We recently finished celebrating Passover, a holiday where “oppression” is an ongoing theme (and freedom, of course, is our cause to celebrate). We were challenged many times—through readings, traditions and symbolism—to experience the pain of oppression and celebrate the joys that accompany freedom. One particular text comes to mind: “In every generation a person is obligated to see him/herself as if s/he, was taken out of Egypt.”

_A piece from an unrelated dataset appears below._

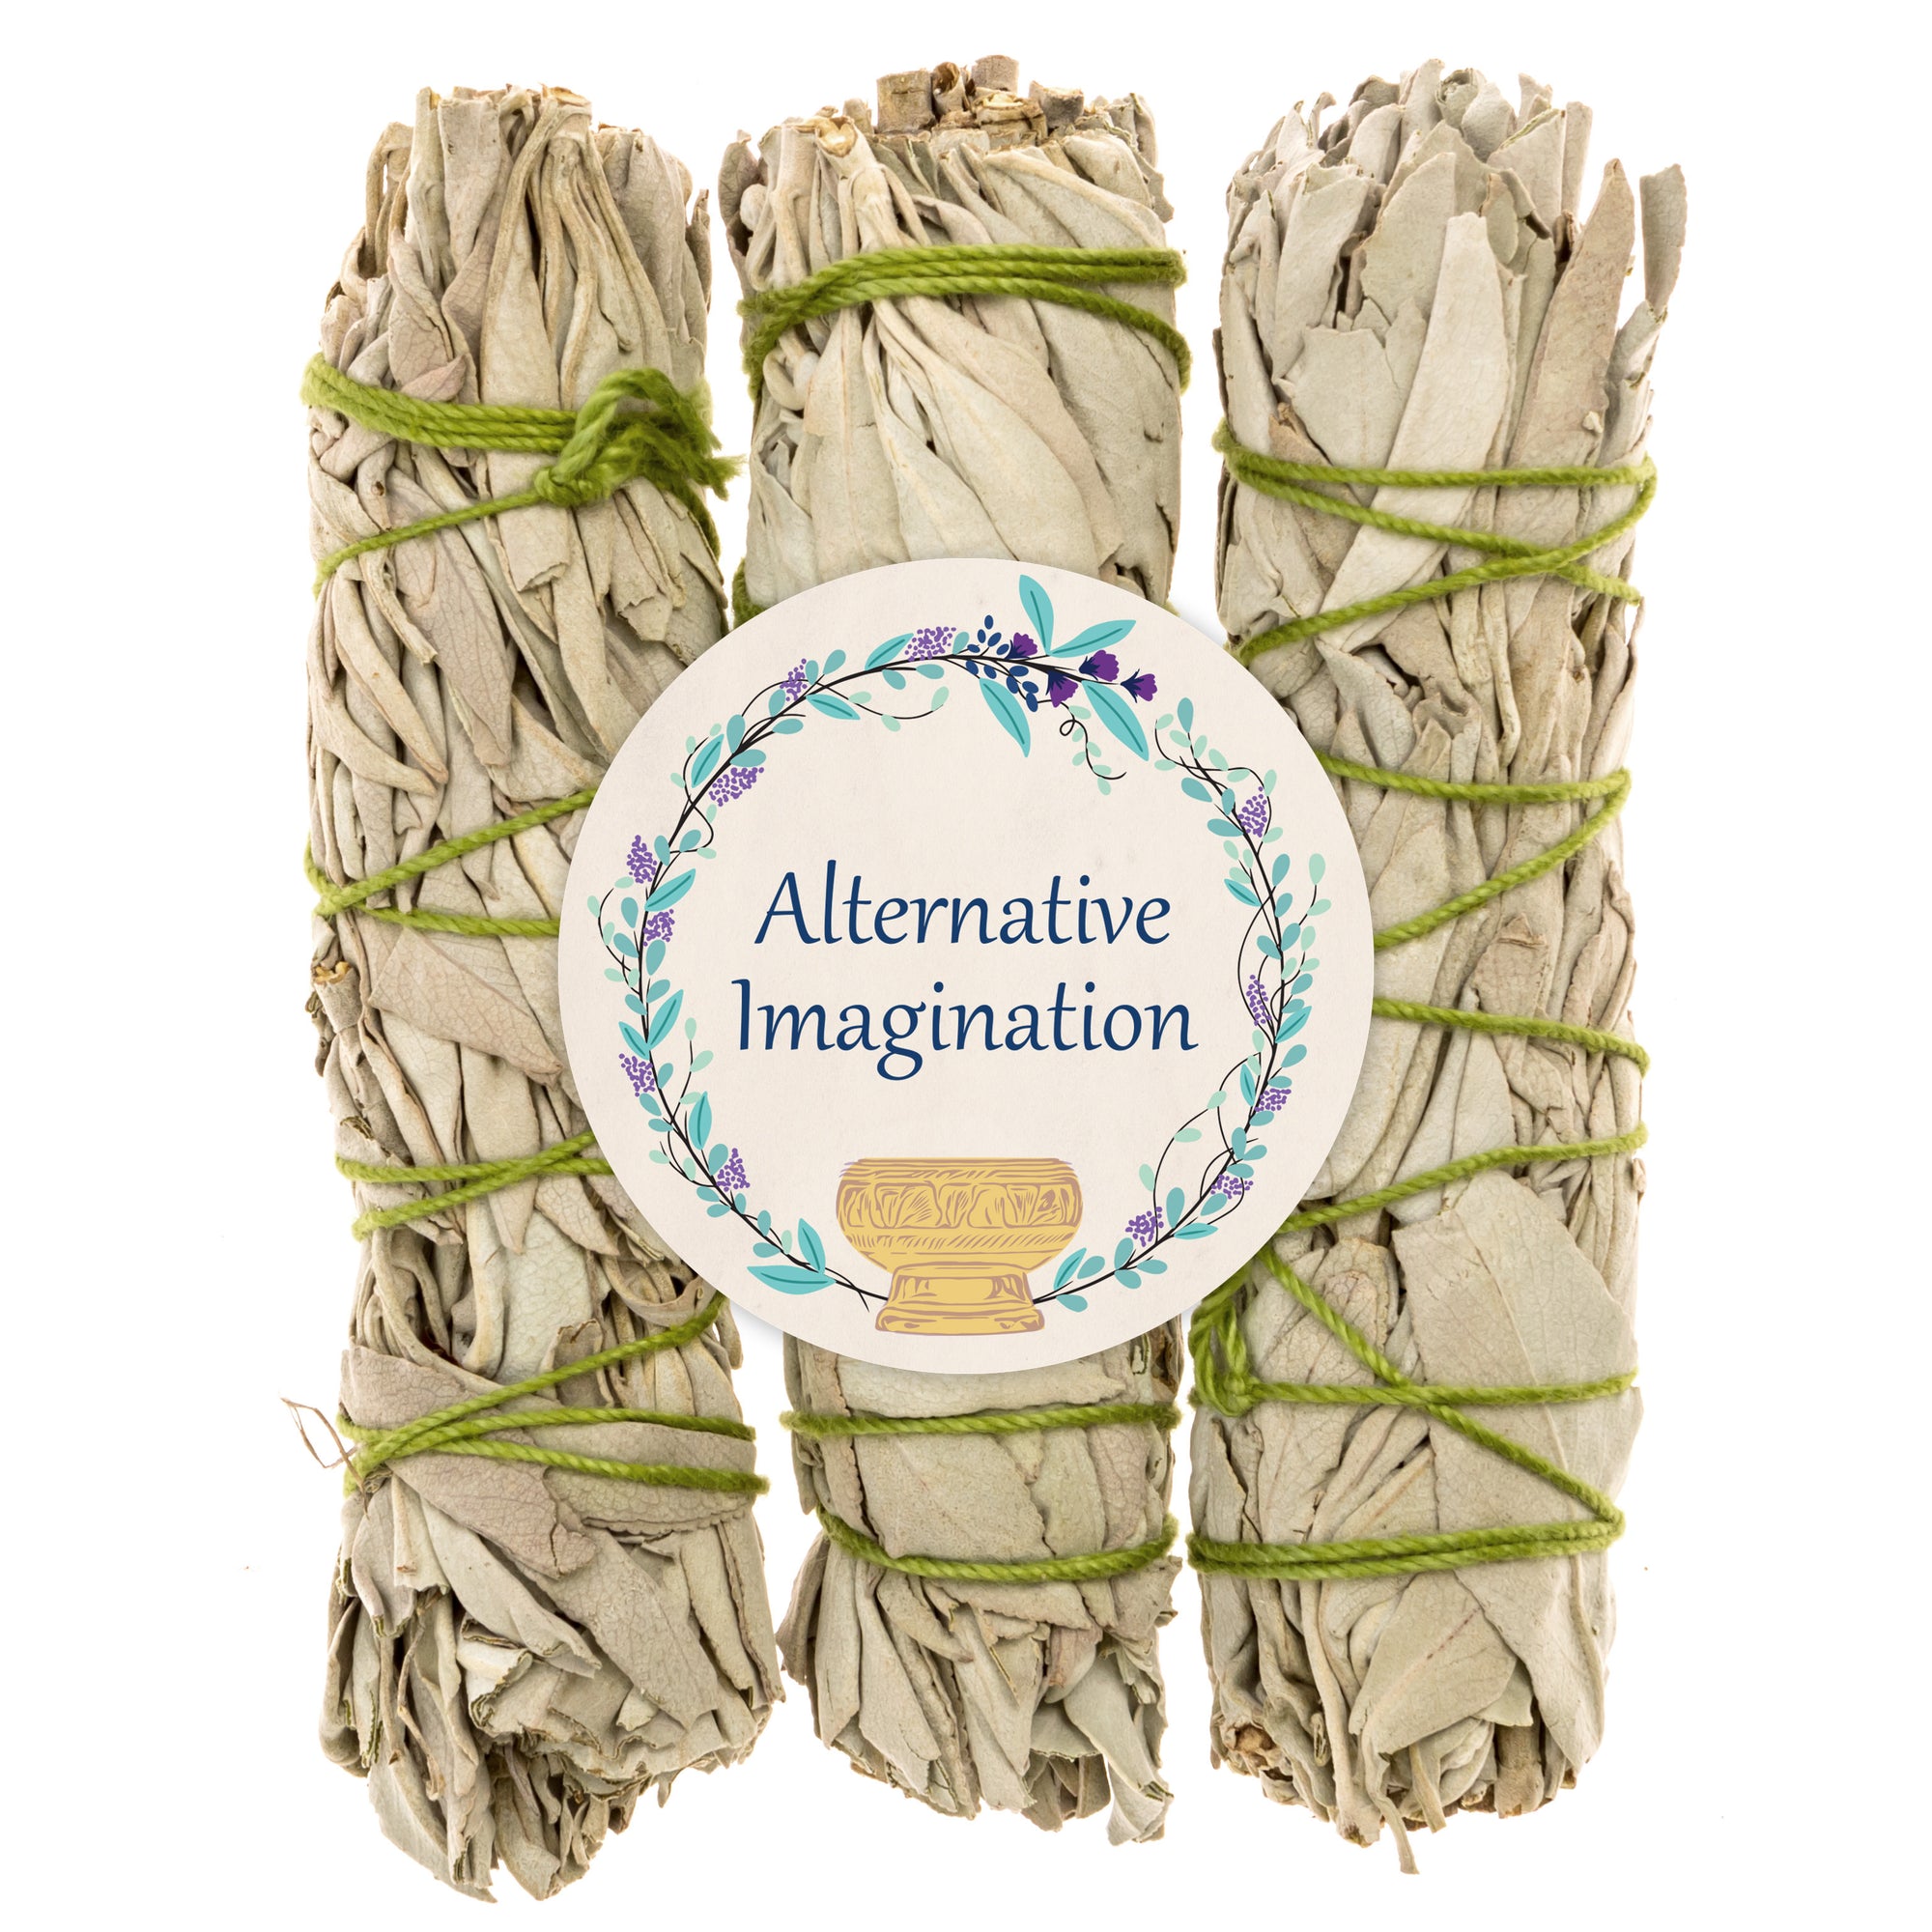 Premium California White Sage 4 Inch Smudge Sticks - 3 Pack For Home Cleansing, Fragrance, Meditation, Smudging Rituals. Packaged with Care in the USA

This statement encourages us to put ourselves in the shoes of people who are oppressed and to imagine what it would mean for us—personally—to be freed. Awhile back, I came across a tool that might help us better meet this challenge. I find it to be a very valuable resource when I begin to contemplate what it must be like to be oppressed, and to be free, in our society:
This chart lists various tendencies that can be found among people who are in positions of privilege and oppression. As the authors make clear, these are not personality characteristics that we can presume based on someone’s position of power: privileged or oppressed. However, it provides a framework from which we may be able to look at the behavioral tendencies that are common among people who experience privilege and oppression. It enables us to better understand our society’s expectations of people in these different environments and the ways in which these expectations are internalized to impact the day to day lives of everyday people.
Think back to the opening of the Passover seder and our invitation to the poor to come join us for the Passover meal. There is a symbolic attempt to level the power imbalance between people who live in poverty and people who don’t. All too often, people living in poverty are forced to encounter people with behaviors that mirror those listed in the attached document. In this way, the poor in our society are often being oppressed. The idea that we open our seder tables to the poor, indicates a desire to sit alongside the poor, to get to know the poor, to better understand the poor and to treat people who are poor with dignity.
I hope that this chart provides our readers with a greater understanding of how power impacts our personal lives, the lives of fellow community members and of people around the world who are oppressed regularly. I also hope that it provides ideas on how to best fight oppression and ensure that all people, in every generation, have the experience of freedom.
What are your experiences with privilege and oppression? Do you find this chart useful?
On Tuesday night, I hosted a large Passover seder at my home in Jackson, Mississippi. Out of love for this Jewish dinner party, I may have opened my big mouth—then, inevitability, my door—to a few too many friends.
I realized this seder would be different as I prepared the charoset. Ever since I was old enough to wield a knife, I have been the one to slowly hand chop apples and walnuts for our family seder. It’s cathartic for me to count down the apples, add lemon juice so the apples won’t brown, and stir in the honey with my hands. After about two minutes of chopping, though, I realized my stack of apples was taller than usual; they went straight into the food processor – and this year, convenience trumped tradition, resulting in charoset with more liquid than usual.
Yikes! Why was I compromising my usual charoset consistency? Because I was too excited about sharing Passover, and ended up inviting 30 people for seder. And no, these weren’t just Jews who needed a place to go, I had 13 seder virgins! I chose to invite my non-Jewish friends and neighbors because most of them didn’t grow up in places with a significant Jewish population and had never been invited to help celebrate Passover. In fact, many of my guests don’t know many Jewish people besides, other than myself and other members of the ISJL staff.
We went through the seder with some moments of quiet reflection, and some of laughter and levity. I encouraged guests to read along with the Hebrew transliteration, and my heart swelled when everyone’s voices joined together for “Go Down Moses.” We had a surprisingly successful gefilte fish tasting, sang a song about the afikomen to the tune of “Oklahoma” and answered a lot of questions about matzah.
Was it the most traditional or religious seder? No, not by any means. But I made that clear to my guests and encouraged them to take home the haggadahs to study up for next year. But even with soggier charoset, I’m glad that I was able to provide some of my guests their first Jewish seder experience.
I enjoy having my home filled with friends and food, so it’s understandable why I got so excited about hosting a Passover seder. It’s a tradition that lends itself to bringing people into your house and sharing a meal that’s interactive, educational and delicious. I’m already planning for next year—with a tent outside!—and you are all invited.
Sending wishes for joyful seders and a sweet Pesach, whether you’re celebrating in the South, North, East, or West! Happy Passover, y’all!